In summary, we evaluated the diagnostic performance of the RT-QuIC assay for RAMALT samples from captive elk in a blinded manner. Comparing standard IHC and RT-QuIC assays of RAMALT samples revealed that these two are well correlated.
Further improvements in the RT-QuIC seeding assays for cervids could enhance optimal screening to achieve greater sensitivity and specificity. This could be achieved using other species of rPrP, by optimizing assay conditions, using mouse bioassays and other diagnostic tests like PMCA as well.
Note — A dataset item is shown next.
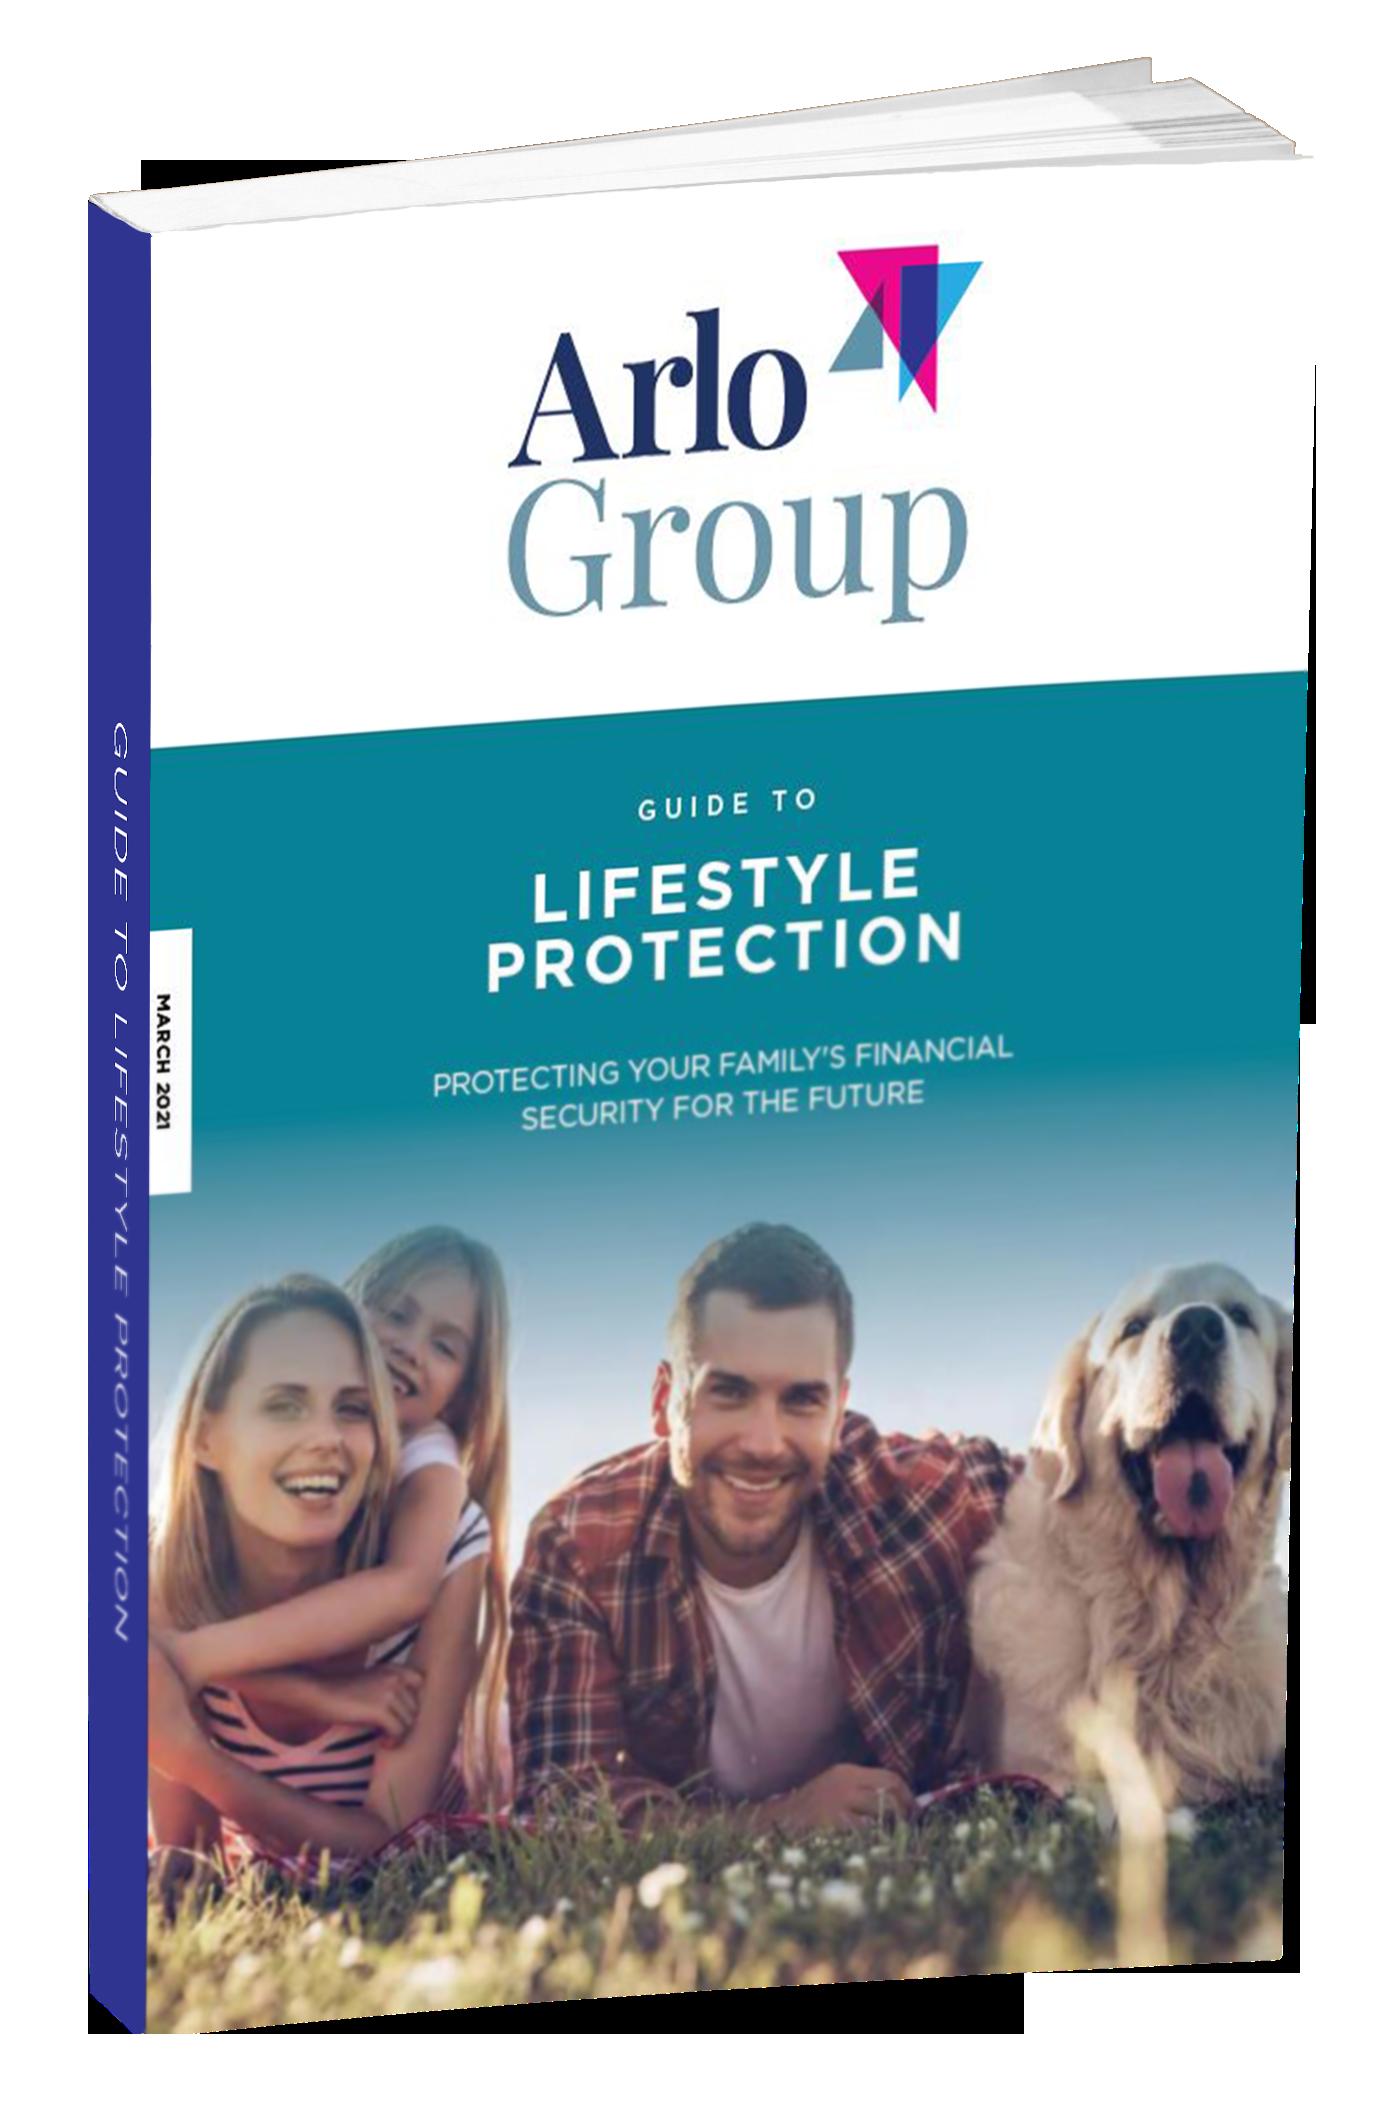 lifestyle-protection-mock-up-arlo-group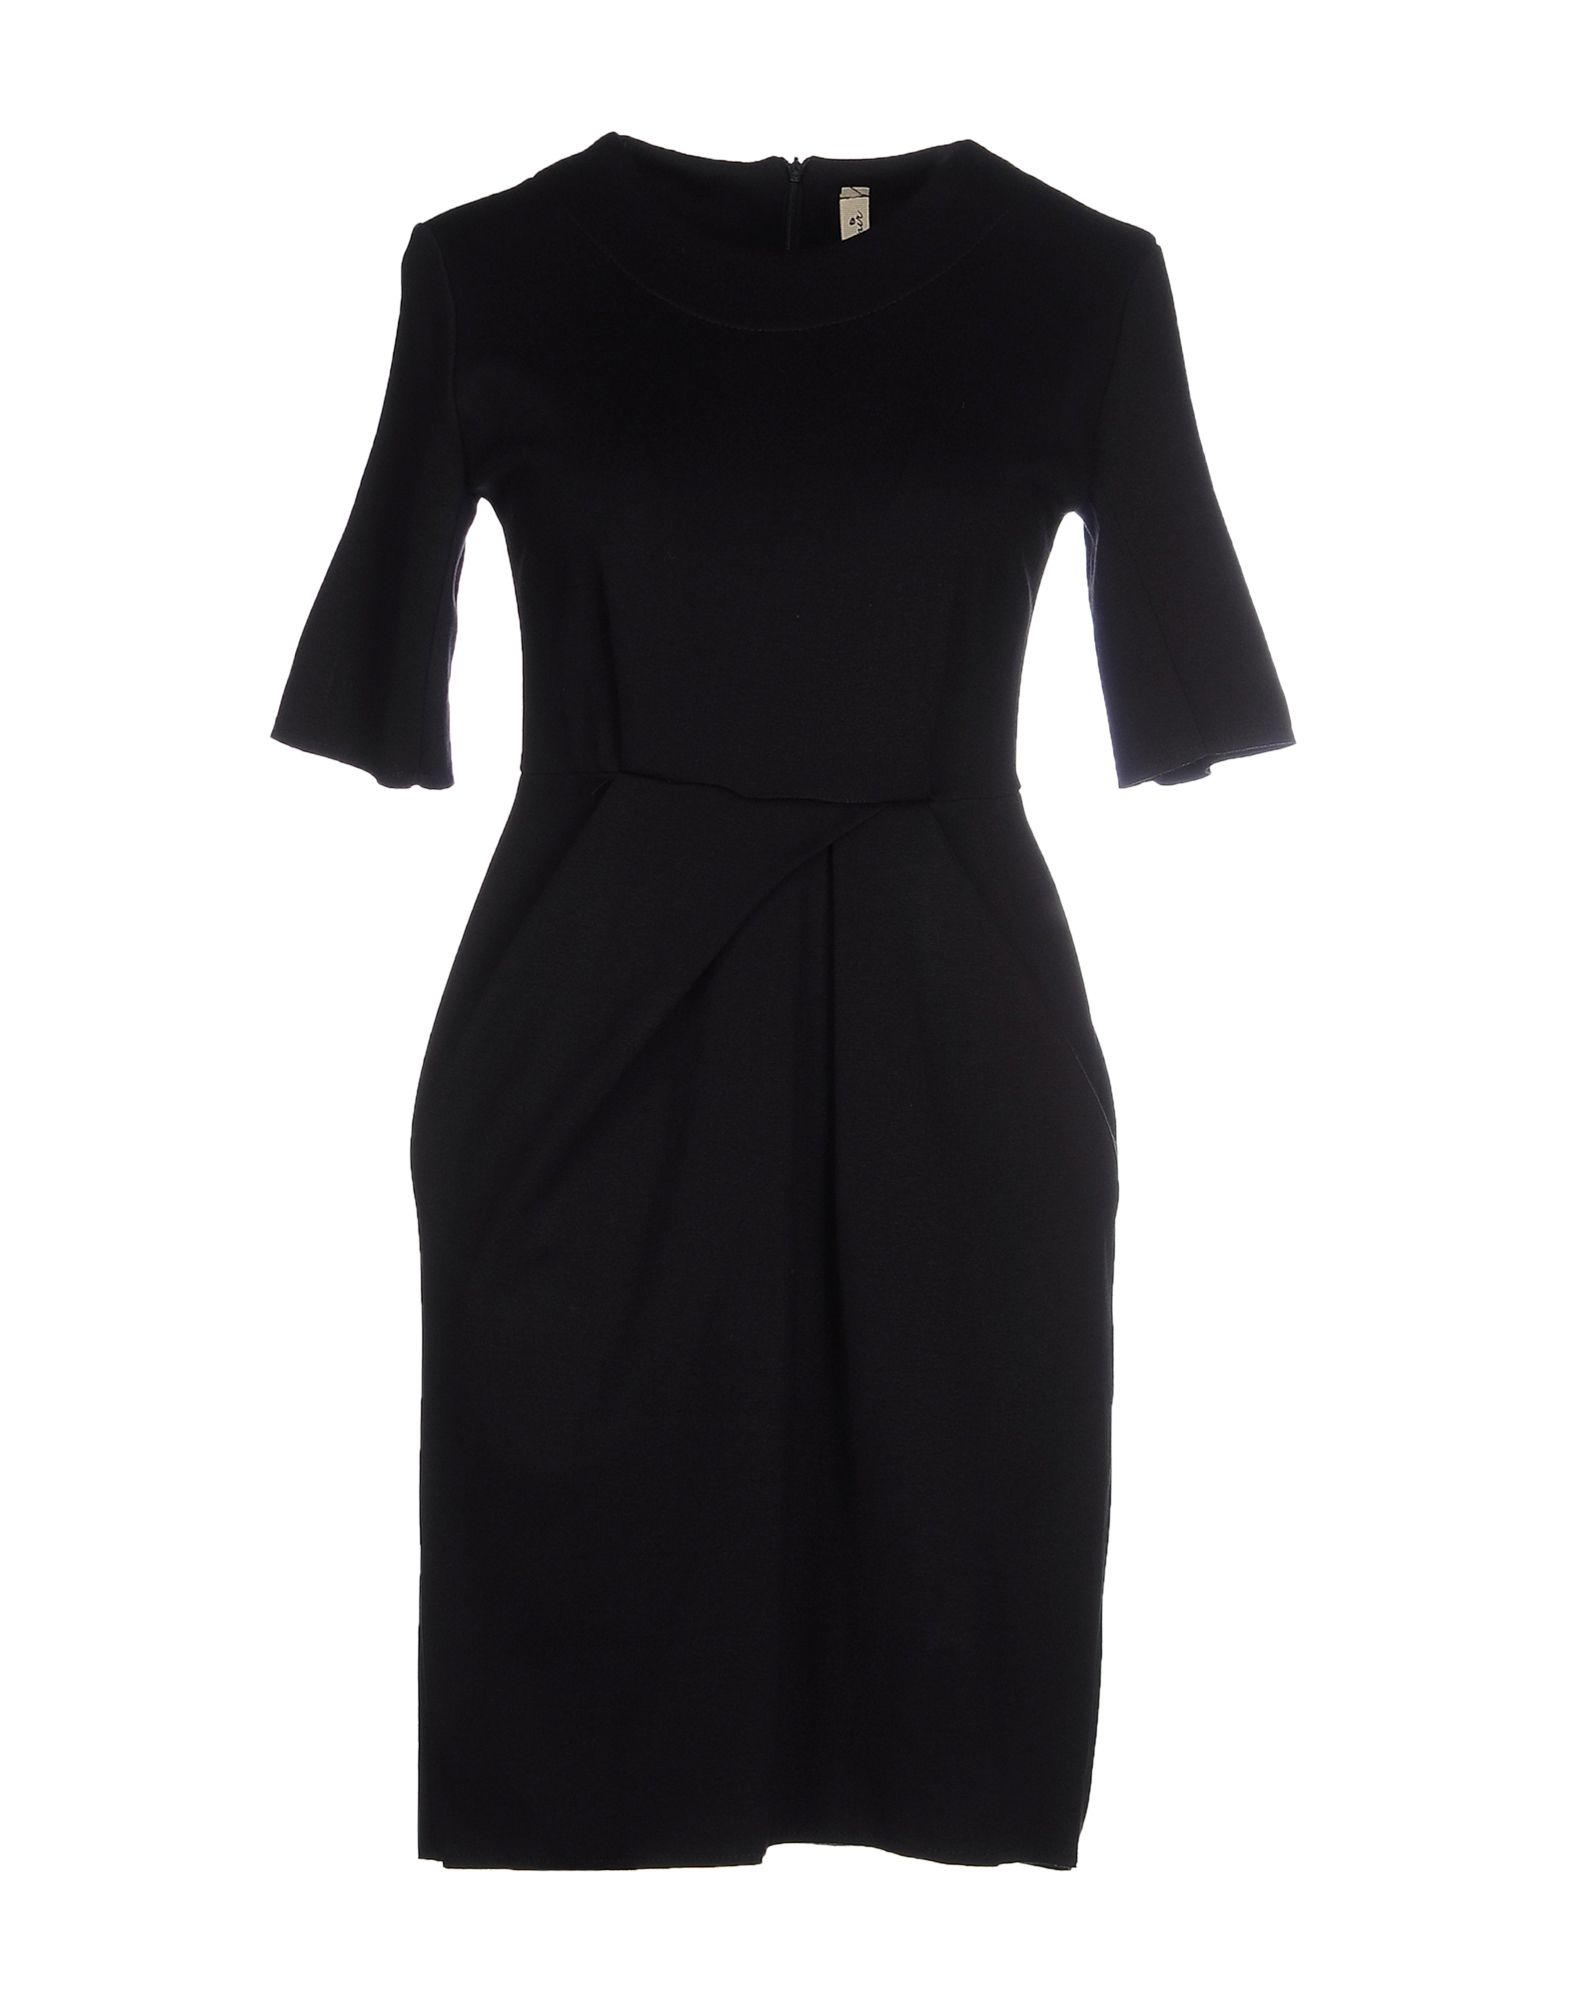 souvenir clubbing short dress in black lyst

For example, transgenic mice expressing bank vole PrP are highly susceptible to a wide variety of prion diseases and rPrP-expressing bank vole PrP (BVrPrP) was able to detect many prion diseases including human prions in the RT-QuIC assay.Citation47 Similarly, BVrPrP and cervid rPrP could be important alternate substrates for diagnosing CWD, but this still remains to be tested. We are progressing towards developing an efficient and sensitive RT-QuIC assay for ante-mortem samples to screen herds for CWD status, which will assist in deploying rapid control and/or preventive measures to better manage CWD.
MATERIALS AND METHODS
Purification of Syrian Hamster Recombinant Prion Protein (SHrPrP)
SHrPrP encoding a 90–231 amino acid sequence was transformed, expressed in E. coli Rosetta cells (EMD Millipore) and purified using previously published methods.Citation39,48,49 In brief, the SHr PrP-expressing Rosetta strain DE2 of E. coli was inoculated into lysogeny broth (LB) along with auto-induction system1 (EMD Millipore) and selection antibiotics. After the cultures were induced overnight, the bacteria were harvested after reaching optical density 3 at 600 nm. Inclusion bodies were isolated from these cell pellets by treating with 1X Bug Buster (EMD Millipore) followed by 0.1X Bug Buster and centrifugation at 13000 × g for 15 minutes. Then the inclusion bodies were denatured in 8 M guanidine hydrochloride (GuHCl) in 100 mM Na Phosphate at pH 8 using OMNI International Tissue Homogenizer and rotated for 50 min at RT. Next, the solution with denatured protein was centrifuged at 8000 × g for 5 min and the supernatants were added to Ni-NTA superflow resin (Qiagen) that had been equilibrated in denaturing buffer [100 mM sodium phosphate (pH 8.0), 10 mM Tris, 6 M GuHCl]. To allow rPrP to bind to beads, Ni-NTA superflow resin along with denatured rPrP was incubated on a rotator for 40 min at RT. Later, the beads were packed in an Akta XK26 column at RT. Subsequent steps were carried out under refrigerated conditions for fast protein liquid chromatography using Bio-Rad Duoflow. Refolding of rPrP was attained on the column by using a gradient from denaturing buffer to refolding buffer (100 mM NaPO4, 10 mM Tris [pH 8.0]). After refolding, rPrP was eluted from the column using a gradient from refolding buffer to elution buffer (100 mM NaPO4, 10 mM Tris [pH 8.0], 500 mM imidazole [pH 5.5]) (, Top panel). Fractions from the middle of the peak were collected and mixed with pre-chilled dialysis buffer (10 mM NaPO4 [pH 5.5]) and dialyzed with three sets of 3.6 L of dialysis buffer.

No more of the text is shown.